COLLECTED DATA START

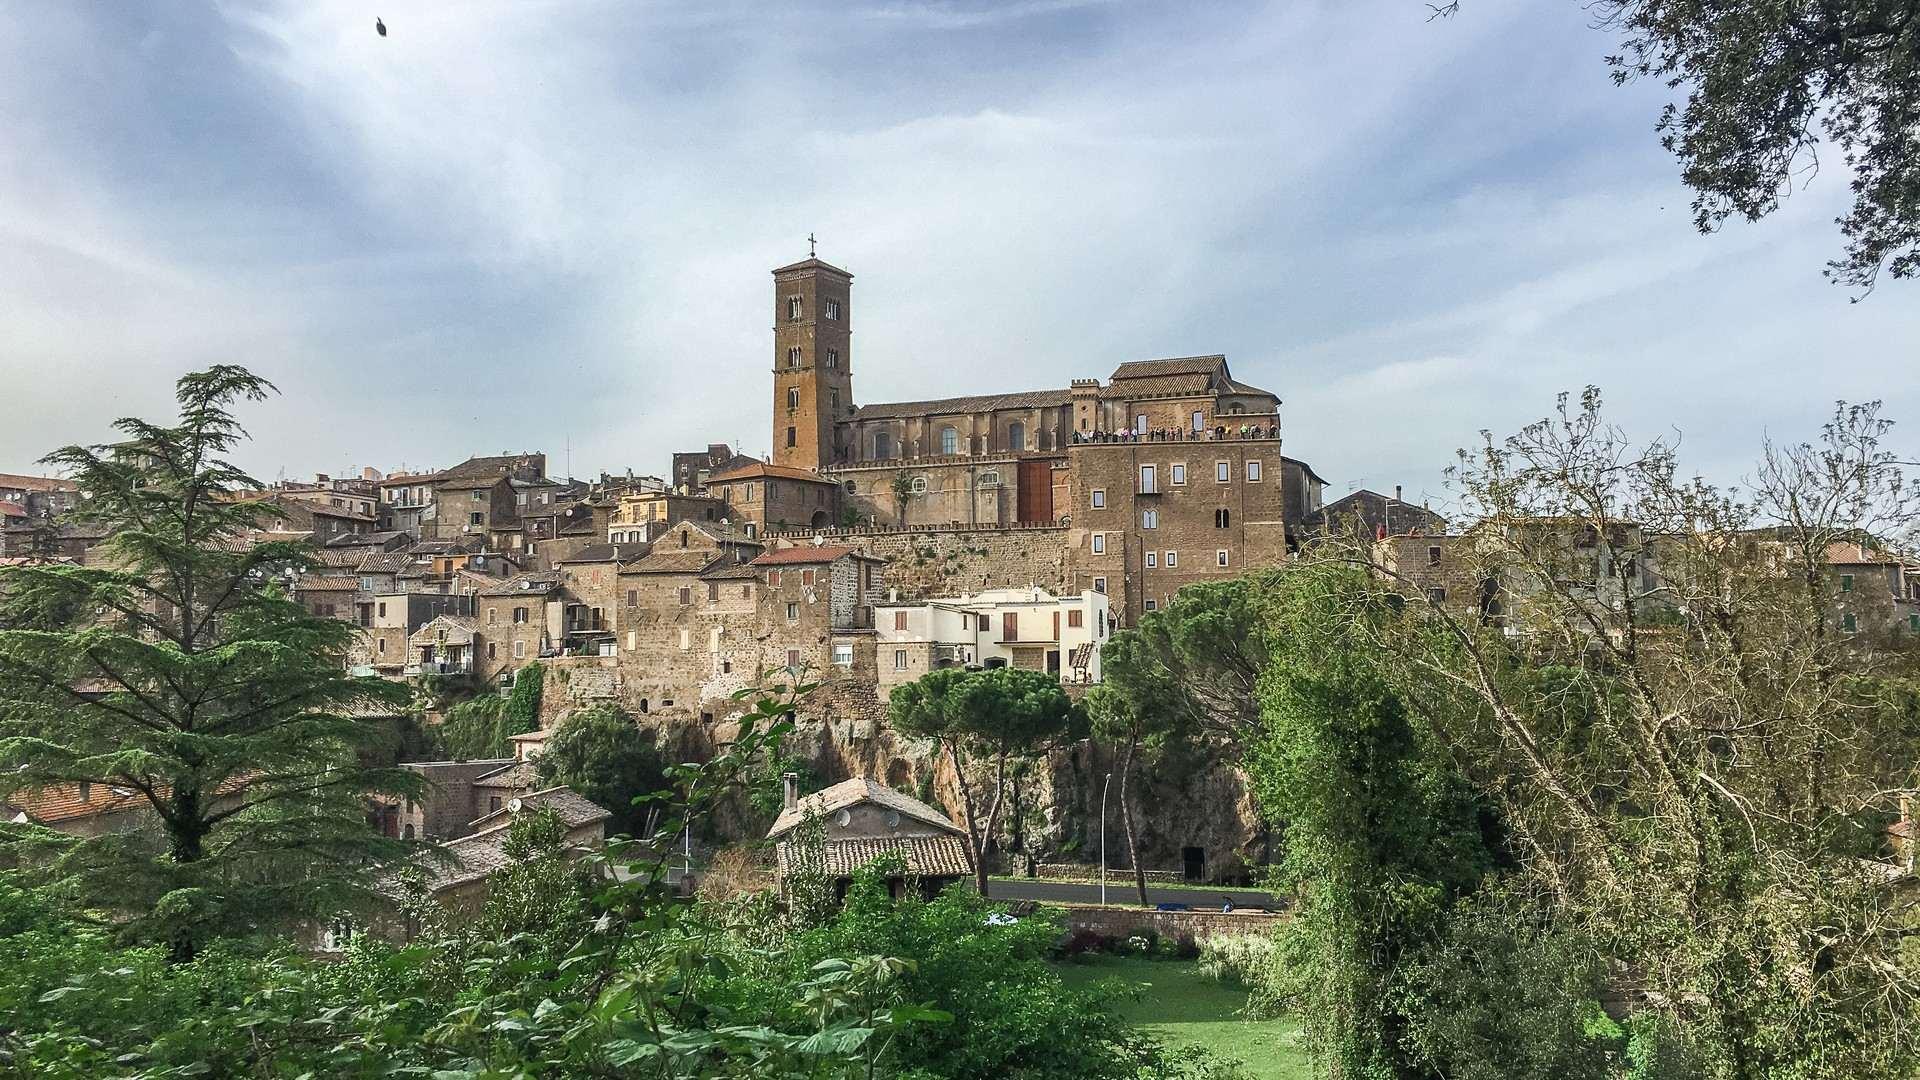 Il borgo di Sutri visto da lontano. Il paese si trova adagiato su uno sperone roccioso e spicca tra tutti gli edifici l'alto campanile della chiesa. In primo piano la verde vegetazione.
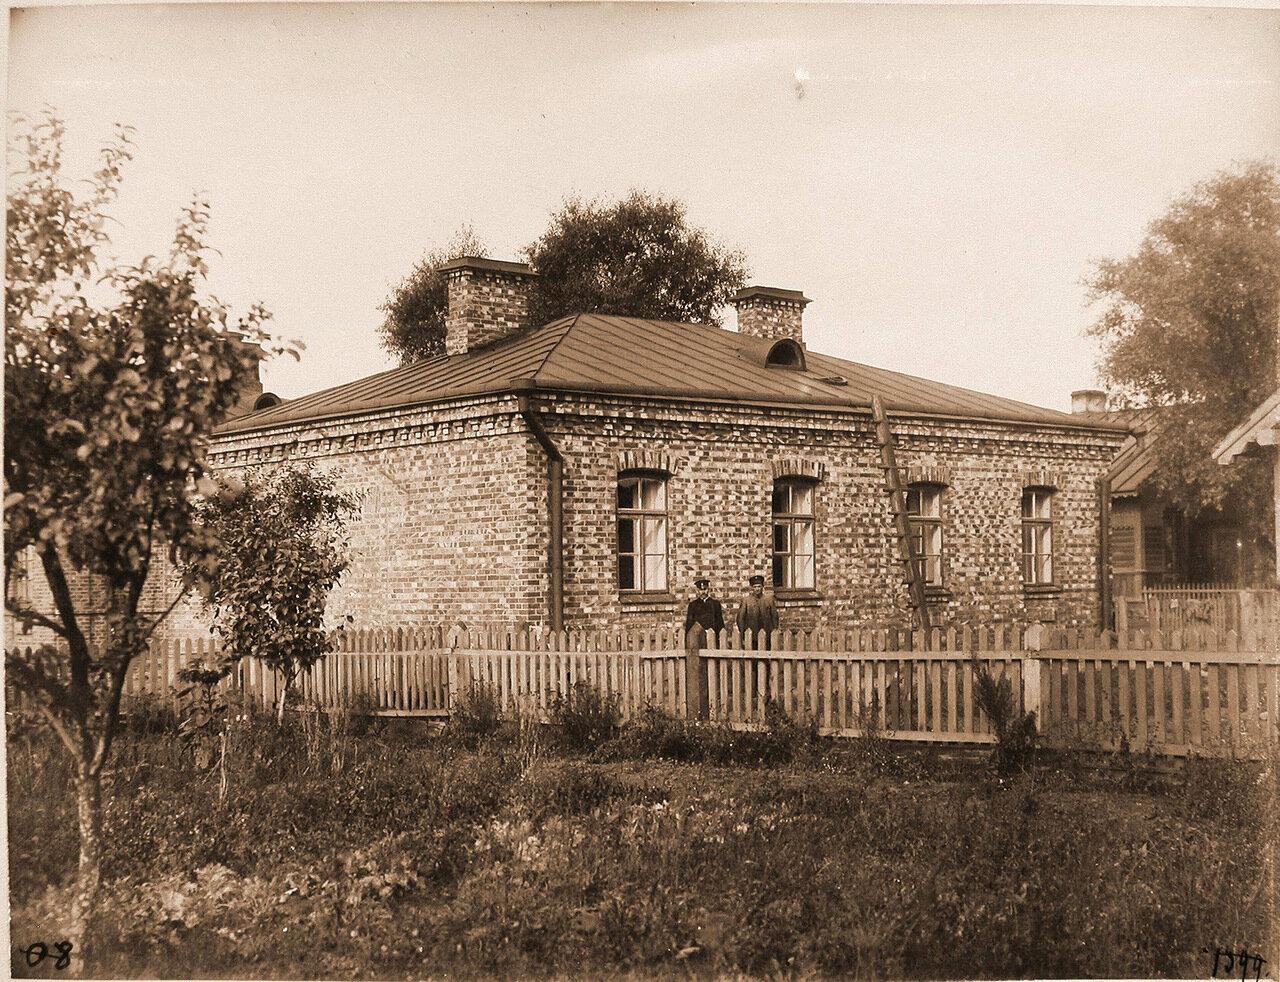 Ломжинская губерния. Станция Малкин. 967 верста. Служащие у дома, где находились паровозные бригады
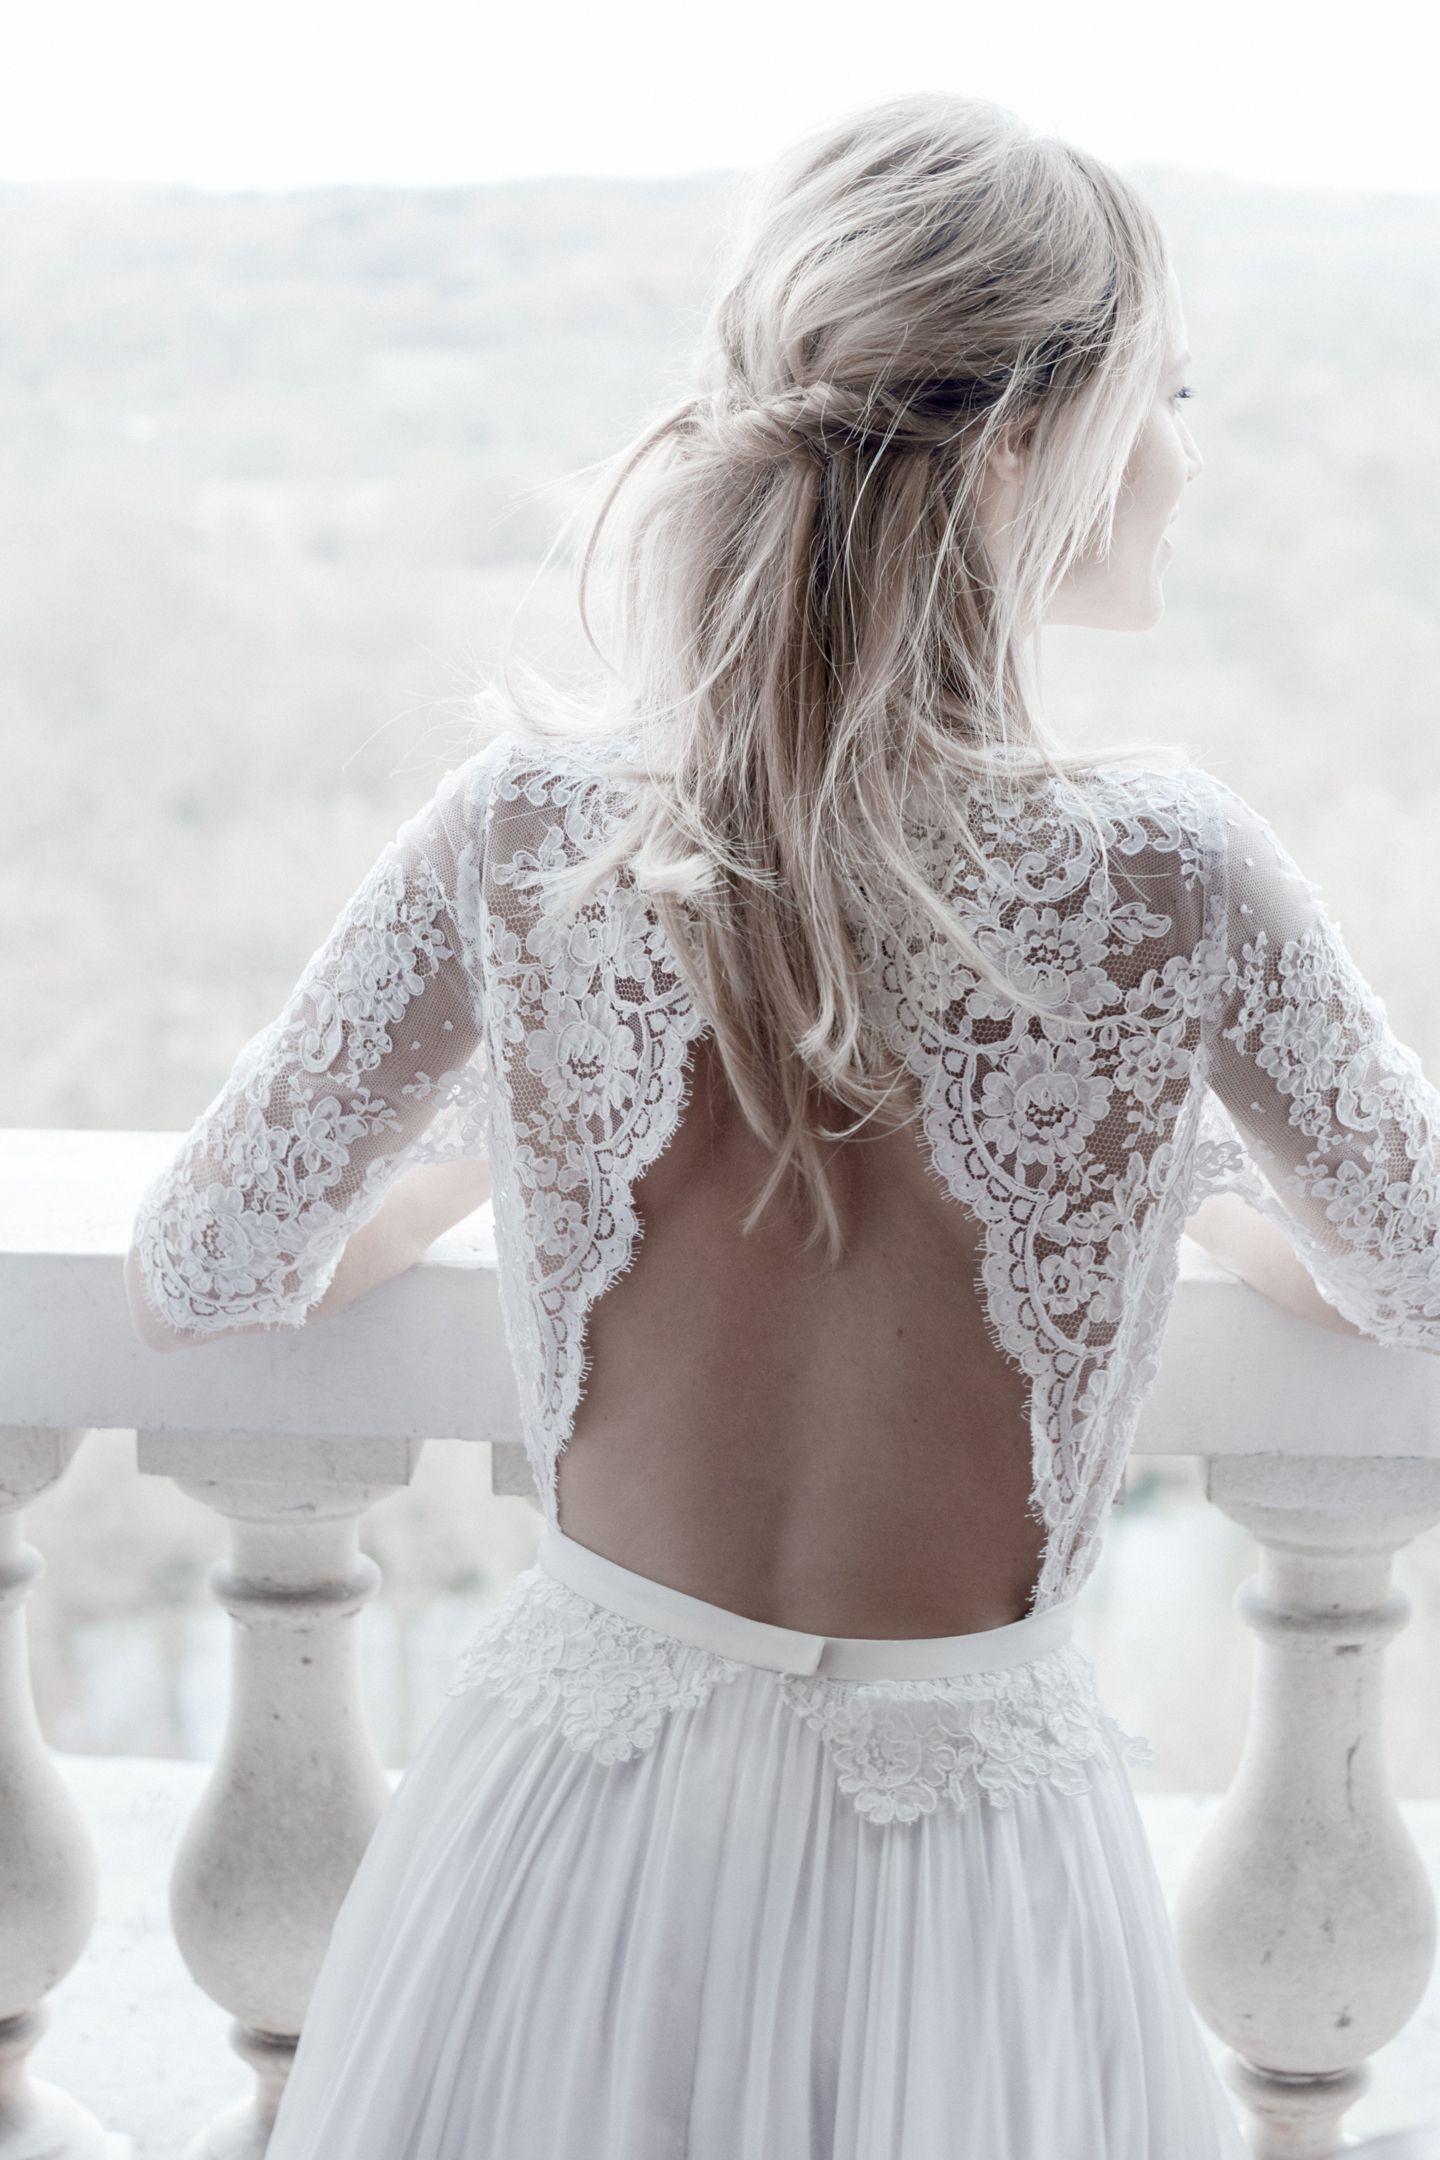 DAS sind die schönsten rückenfreien Brautkleider 2018! | Wedding ...

COLLECTED DATA END

EXERCISE DESCRIPTION:
All of the data is to be transcribed exactly, with images omitted.

RESULT OF THIS EXERCISE:
 Il borgo di Sutri visto da lontano. Il paese si trova adagiato su uno sperone roccioso e spicca tra tutti gli edifici l'alto campanile della chiesa. In primo piano la verde vegetazione.
 Ломжинская губерния. Станция Малкин. 967 верста. Служащие у дома, где находились паровозные бригады
 DAS sind die schönsten rückenfreien Brautkleider 2018! | Wedding ...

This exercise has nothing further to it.